The aim of the study was to describe the demographic, clinical and laboratory profile of patients with giant cell arteritis in northeast of Iran. In a retrospective study we reviewed the records of all patients that satisfied the American College of Rheumatology 1990 criteria for diagnosis of giant cell arteritis. The clinical features, laboratory parameters and biopsy findings of the patients were analyzed. A total of 30 patients were diagnosed with giant cell arteritis. The male: female ratio was 1.1:1. The mean age of onset was 63.9 ± 10.4 years. The most common manifestations included headache (96.7%), temporal artery tenderness (62.1%), jaw claudication (23.3%), polymyalgia rheumatica (40%), visual manifestations (36.7%) and fever (20%). The erythrocyte sedimentation rate was elevated in all patients (mean: 88.43 mm/hour). Anemia (Hb<12g/dl) was found in 26% of patients.
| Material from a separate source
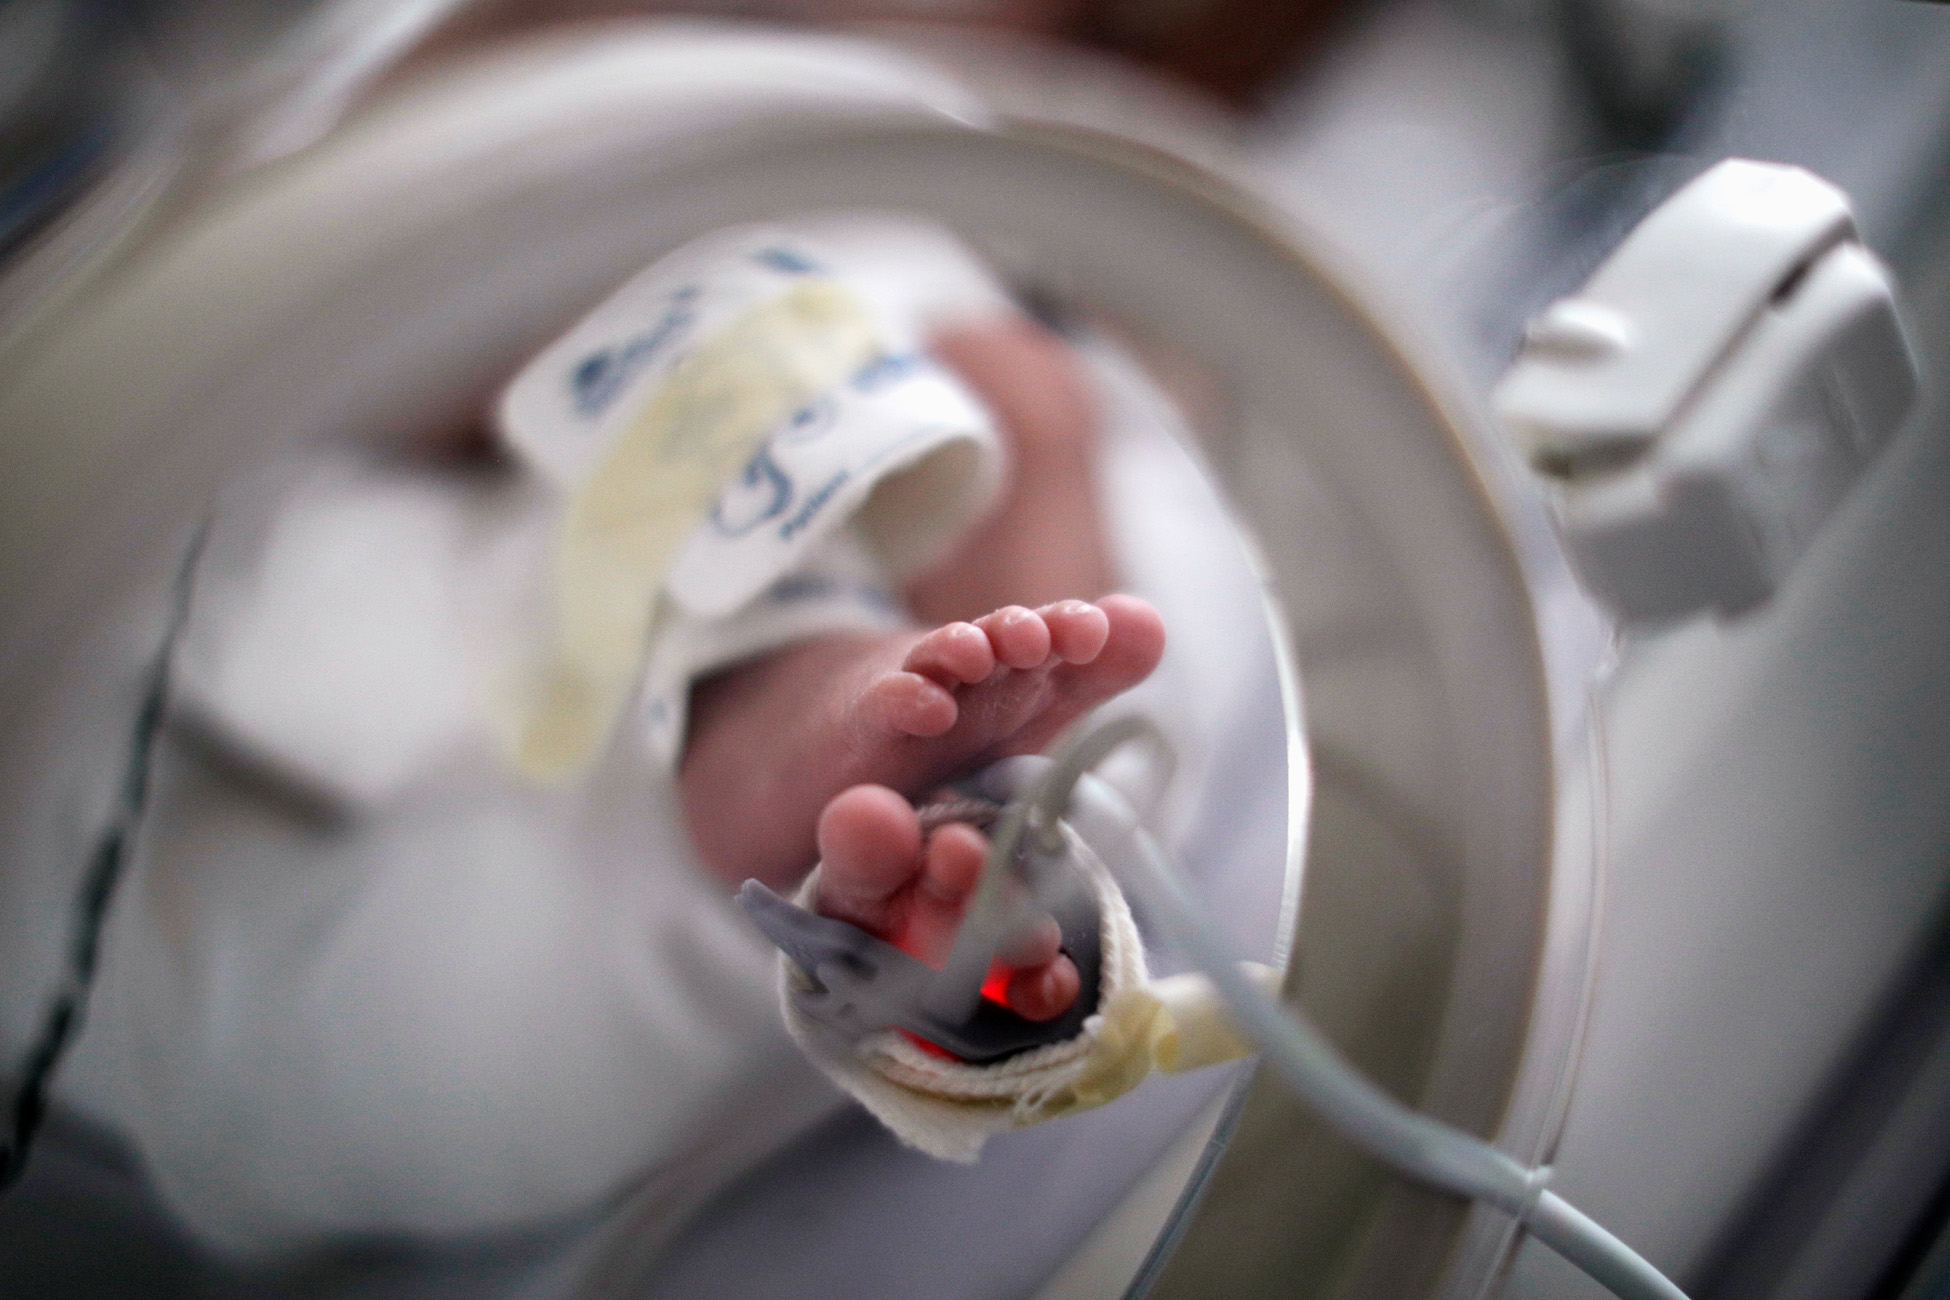 Νεογέννητο πνίγηκε με το γάλα του και πέθανε μέσα στο νοσοκομείο
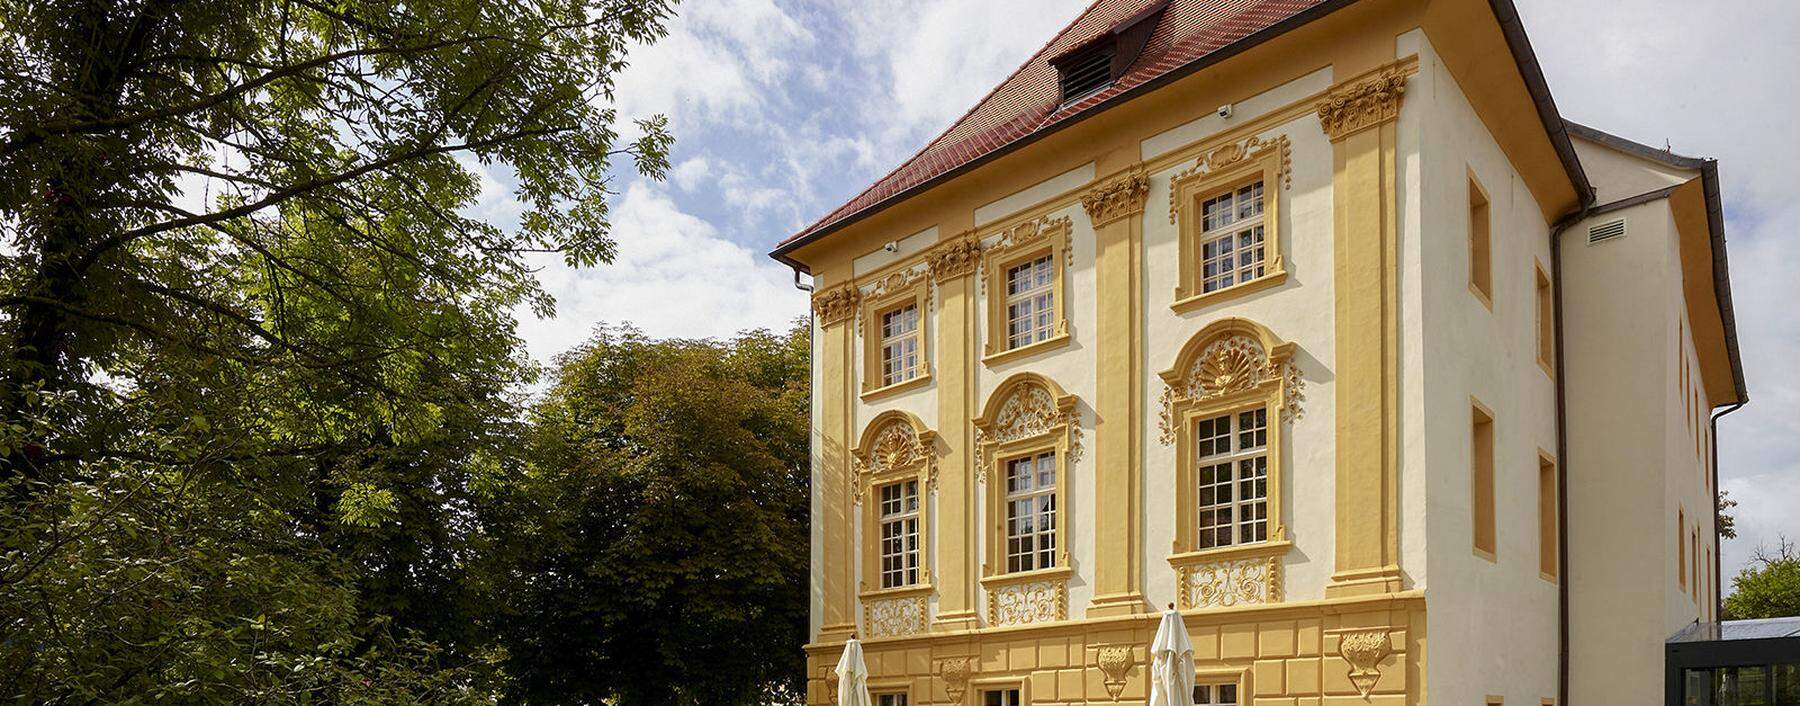 Das Hotel Hofwirt in Seckau kaufte Mateschitz um 861.000 Euro vom Stift Seckau, das sich das Anwesen nicht mehr leisten konnte.

Biopsy was done in 21 patients, with 15 of them being positive. Of 14 patients with eye involvement, 11 had unilateral and 3 bilateral eye involvement. Visual loss was permanent in all of the affected patients. All patients responded to steroids well (Except for visual loss). There was not any mortality due to giant cell arteritis. In northeast of Iran, it seems that giant cell arteritis has minimal gender preference and it occurs in younger population. Headache and scalp tenderness were more common but, fever, jaw claudication, vertigo and diplopia were less common in our patients. Other features were similar to that of the West. The response to steroids was excellent. Irreversible visual loss was an important complication.